Cracking in lithium-ion batteries speeds up electric vehicle charging
Cracks in predominant lithium-ion electrodes shorten battery lifespans, but a neuroscience-inspired technique shows that they have an upside.
Cracks in predominant lithium-ion electrodes shorten battery lifespans, but a neuroscience-inspired technique shows that they have an upside.
Rather than being solely detrimental, cracks in the positive electrode of lithium-ion batteries reduce battery charge time, research done at the University of Michigan shows.
This runs counter to the view of many electric vehicle manufacturers, who try to minimize cracking because it decreases battery longevity.
“Many companies are interested in making ‘million-mile’ batteries using particles that do not crack. Unfortunately, if the cracks are removed, the battery particles won’t be able to charge quickly without the extra surface area from those cracks,” said Yiyang Li, an assistant professor in materials science and engineering and corresponding author of the study published open-access in Energy and Environmental Sciences.
“On a road trip, we don’t want to wait five hours for a car to charge. We want to charge within 15 or 30 minutes,” he added.
The team believes the findings apply to more than half of all electric vehicle batteries, in which the positive electrode—or cathode—is composed of trillions of microscopic particles made of either lithium nickel manganese cobalt oxide or lithium nickel cobalt aluminum oxide. Theoretically, the speed at which the cathode charges comes down to the particles’ surface-to-volume ratio. Smaller particles should charge faster than larger particles because they have a higher surface area relative to volume, so the lithium ions have shorter distances to diffuse through them.
However, conventional methods couldn’t directly measure the charging properties of individual cathode particles, only the average for all the particles that make up the battery’s cathode. That limitation means the widely accepted relationship between charging speed and cathode particle size was merely an assumption.
“We find that the cathode particles are cracked and have more active surfaces to take in lithium ions—not just on their outer surface, but inside the particle cracks,” said Jinhong Min, a doctoral student in materials science and engineering working in Li’s lab. “Battery scientists know that the cracking occurs but have not measured how such cracking affects the charging speed.”
Measuring the charging speed of individual cathode particles was key to discovering the upside to cracking cathodes, which Li and Min accomplished by inserting the particles into a device that is typically used by neuroscientists to study how individual brain cells transmit electrical signals.
“Back when I was in graduate school, a colleague studying neuroscience showed me these arrays that they used to study individual neurons. I wondered if we can also use them to study battery particles, which are similar in size to neurons,” said Li.
Each array is a custom-designed, two-by-two centimeter chip with up to 100 microelectrodes. After scattering some cathode particles in the center of the chip, Min moved single particles onto their own electrodes on the array using a needle around 70 times thinner than a human hair. Once the particles were in place, Min could simultaneously charge and discharge up to four individual particles at a time on the array and measured 21 particles in this particular study.

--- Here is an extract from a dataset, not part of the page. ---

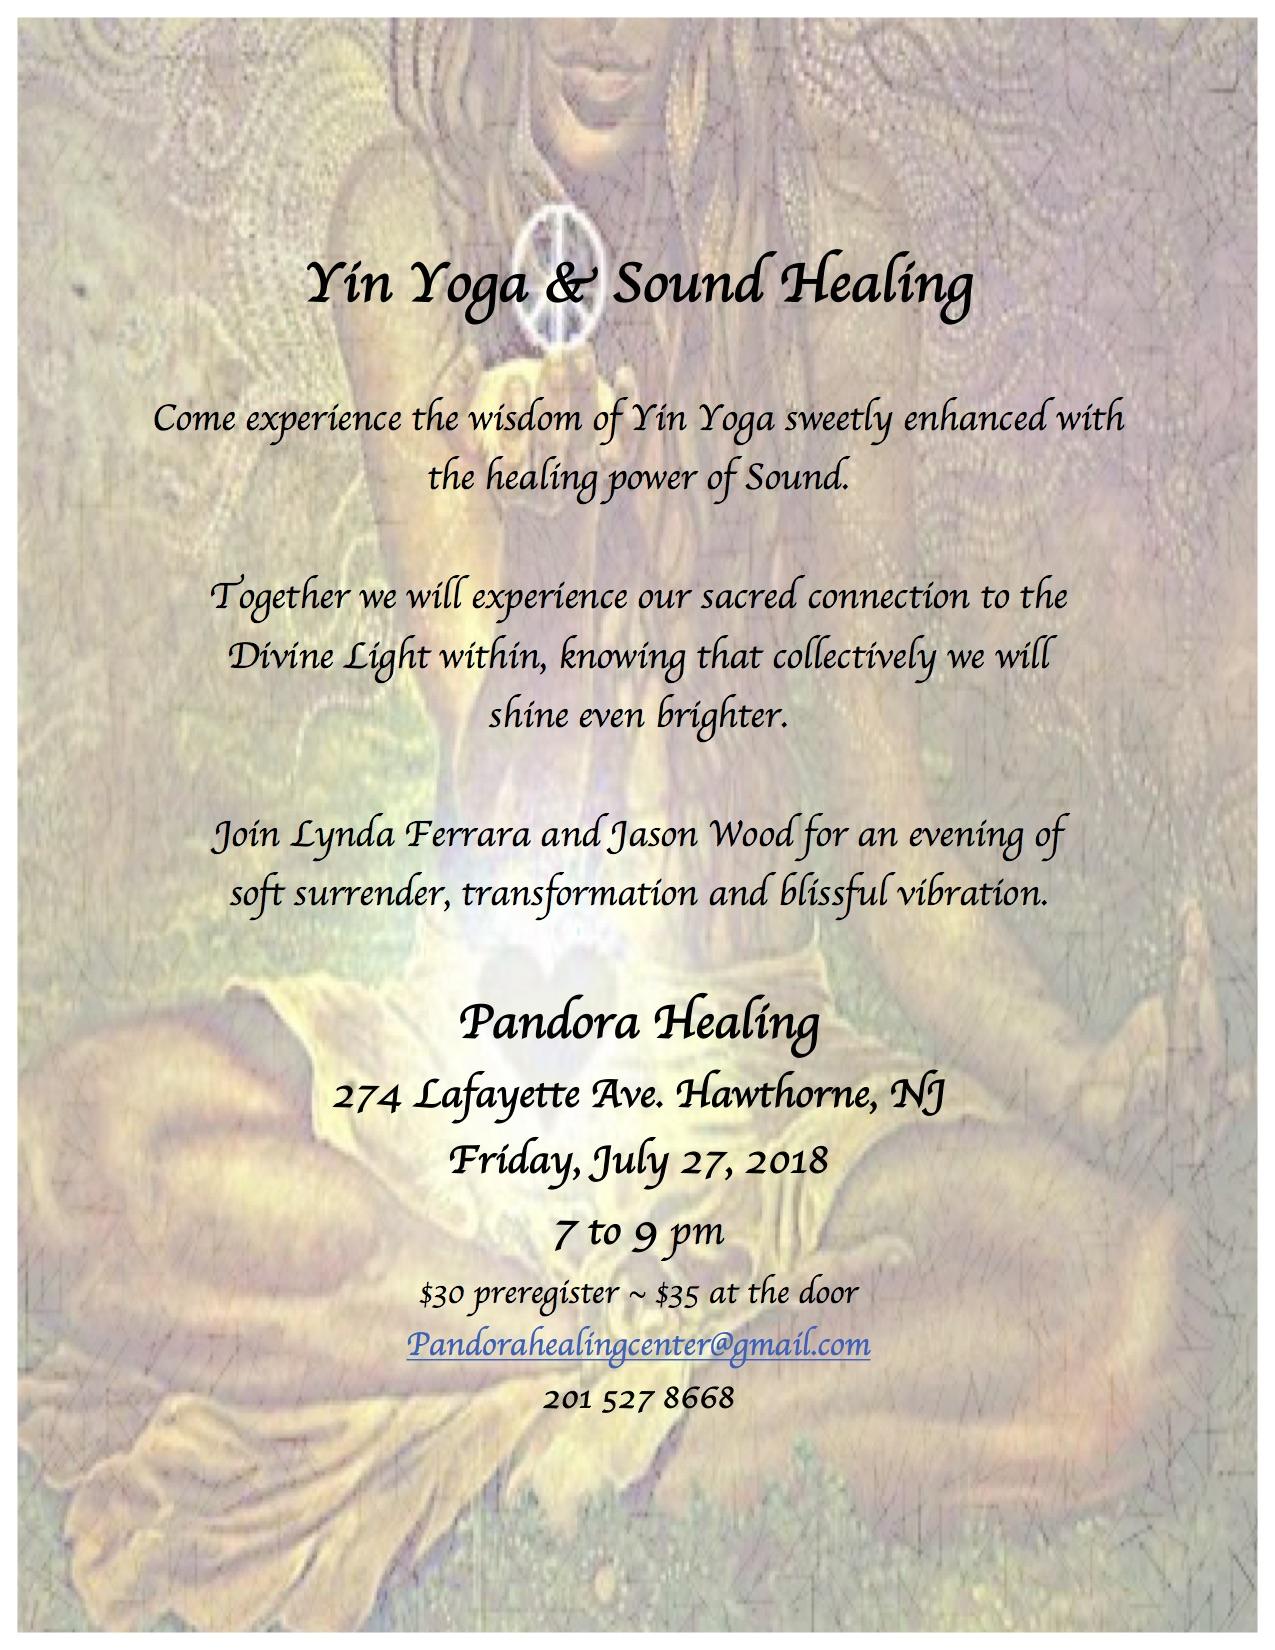 Yin Yoga Jul 2018.jpg

“Such an innovative approach allows statistical evaluation of active cathode materials with robust quantitative information, which was previously not possible with other methods,” said Shirley Meng, a professor of molecular engineering at the University of Chicago and Chief Scientist of Argonne National Laboratory’s Collaborative Center for Energy Storage Science, who was not involved in the study.
The experiment revealed that the cathode particles’ charging speeds did not depend on their size. Li and Min think that the most likely explanation for this unexpected behavior is that larger particles actually behave like a collection of smaller particles when they crack. Another possibility is that the lithium ions move very quickly in the grain boundaries—the tiny spaces between the nanoscale crystals comprising the cathode particle. Li thinks this is unlikely unless the battery’s electrolyte—the liquid medium in which the lithium ions move—penetrates these boundaries, forming cracks.
The benefits of cracked materials are important to consider when designing long-lived batteries with single-crystal particles that don’t crack. To charge quickly, these particles may need to be smaller than today’s cracking cathode particles. The alternative is to make single-crystal cathodes with different materials that can move lithium faster, but those materials could be limited by the supply of necessary metals or have lower energy densities, said Li.
The research was funded by LG Energy Solution, Battery Innovation Contest and the University of Michigan College of Engineering. Other contributors included Lindsay Gubow, a former master’s student in materials science and engineering, Riley Hargrave, an undergraduate in mechanical engineering graduating next year, and Jason Siegel, a research scientist in mechanical engineering.
The device was built in the Lurie Nanofabrication Facility and studied at the Michigan Center for Materials Characterization.